Alternatively you can use the EPFL jupyter notebook service noto, however you will have to pip install some specific packages such as torchtext.

  1. First make sure you have (a virtual environment (e.g., venv, virtualenv, conda), and that the environment has) a Python version >= 3.6, per scikit-learn and torch requirements.

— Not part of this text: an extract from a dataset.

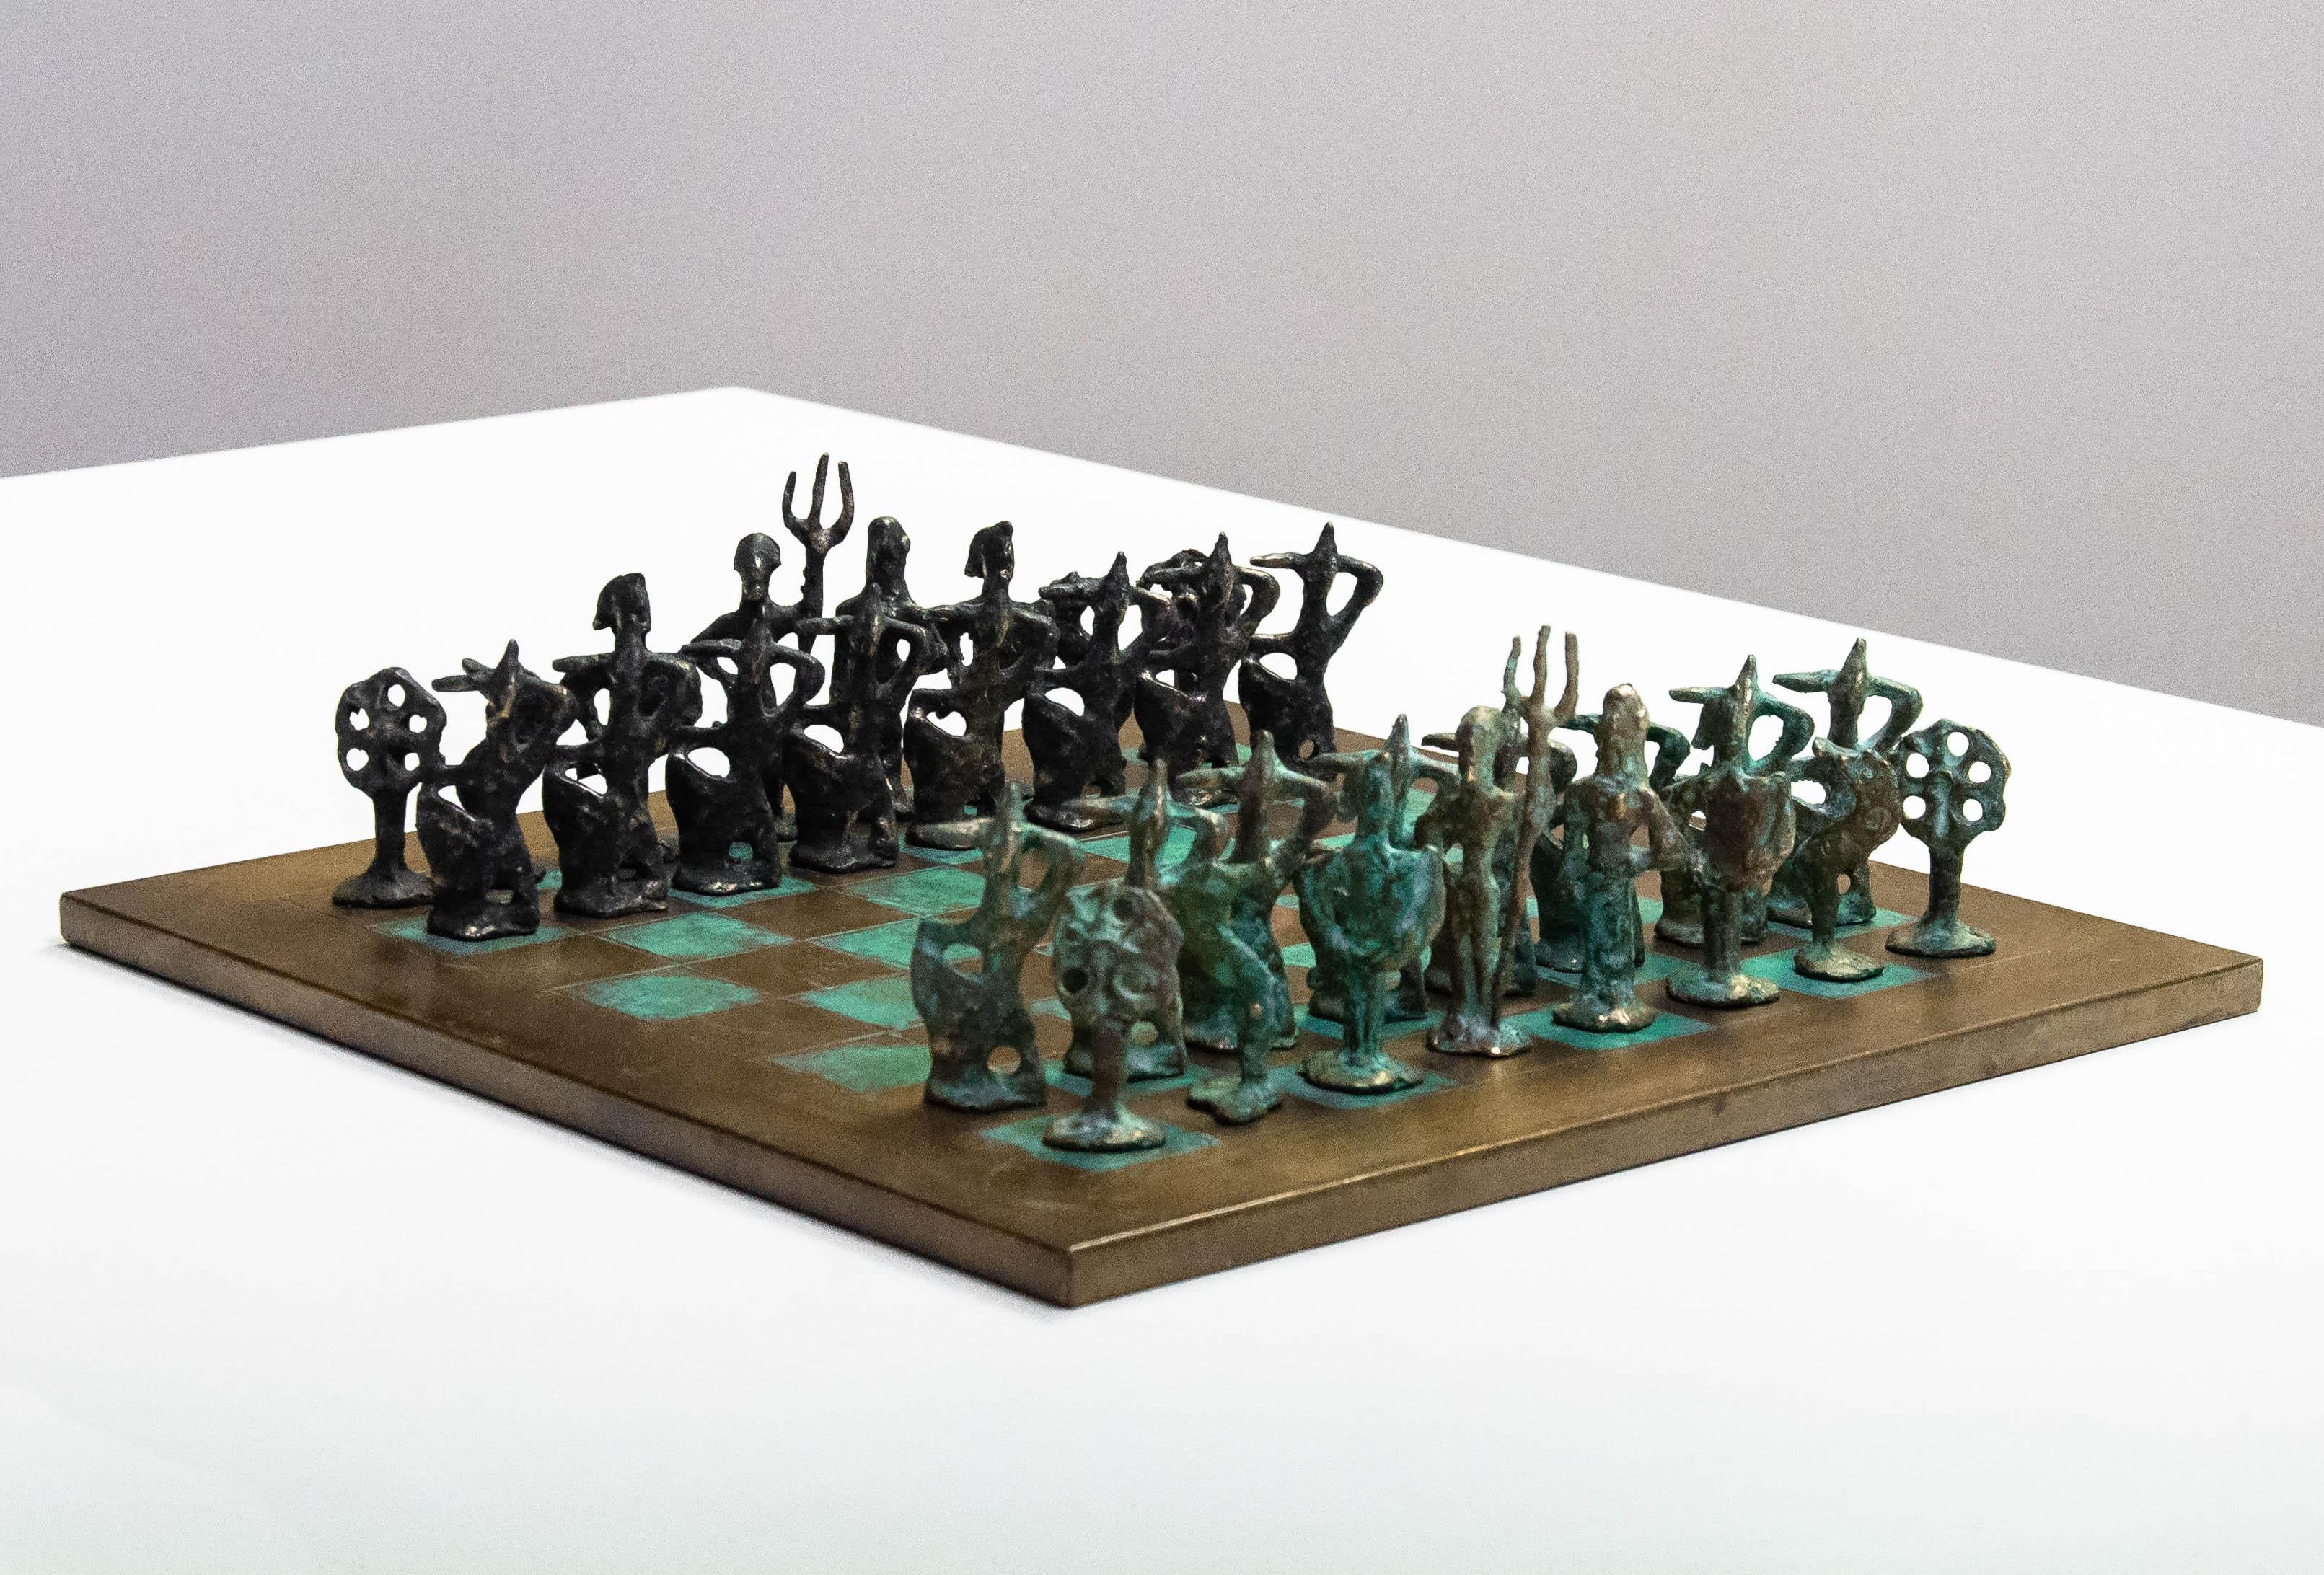 Merveilleux jeu d'échecs en bronze Brutaliste / Moderniste vintage des années 1960, fait à la main par un artisan, dans le style de l'Italien Alberto Giacometti. 
Le plateau en laiton et cuivre martelé et les pièces en laiton elles-mêmes présentent

If you are using the a Jupyter Notebook, make sure the interpreter points to the correct python executable.
  1. Then install the following packages into your venv:
pip install -U ipykernel
pip install -U ipywidgets
pip install -U pip setuptools wheel
pip install -U pandas
pip install -U matplotlib
pip install -U scikit-learn
pip install -U seaborn
pip install -U nltk
pip install -U torch
pip install -U torchtext==0.10.0
pip install -U torchdata
  1. Next, import the necessary packages:

Note: If this part of the code hangs, simply restart your kernel and rerun, sometimes importing packages multiple times can create a problem!

In [ ]:
# 1) Importing necessary packages:
# general
import os
import string
import random
from collections import Counter
#
import numpy as np
import pandas as pd
import matplotlib.pyplot as plt
import seaborn as sns
import nltk

print("1")
# dataset + processing
from sklearn.datasets import fetch_20newsgroups
from sklearn.preprocessing import normalize
from sklearn.model_selection import train_test_split #, KFold
from sklearn.feature_extraction.text import CountVectorizer, TfidfVectorizer
#
# from nltk import word_tokenize
# from nltk.stem import PorterStemmer
from nltk.corpus import stopwords

print("2")
# classification models
from sklearn.pipeline import Pipeline
from sklearn.naive_bayes import BernoulliNB, MultinomialNB
from sklearn.linear_model import LogisticRegression
import warnings
from sklearn.exceptions import ConvergenceWarning

print("3")
# metrics
from sklearn.metrics import accuracy_score, precision_score, recall_score, f1_score, confusion_matrix

# LSTM part's packages
import torch
import torch.nn as nn
import torch.optim as optim
from torchtext.legacy import data # nlp library of Pytorch
import warnings as wrn
wrn.filterwarnings('ignore')

print("4")
# 2) Setting the seed:
seed = 42
os.environ['PYTHONHASHSEED']=str(seed)
random.seed(seed)
np.random.seed(seed)

print("5")
In [ ]:
# 3) Downloading stopwords from NLTK (if you haven't done it before!)
nltk_stopwords_downloaded = True
if not nltk_stopwords_downloaded:
    nltk.download('stopwords')  

Now you are ready to start the exercises!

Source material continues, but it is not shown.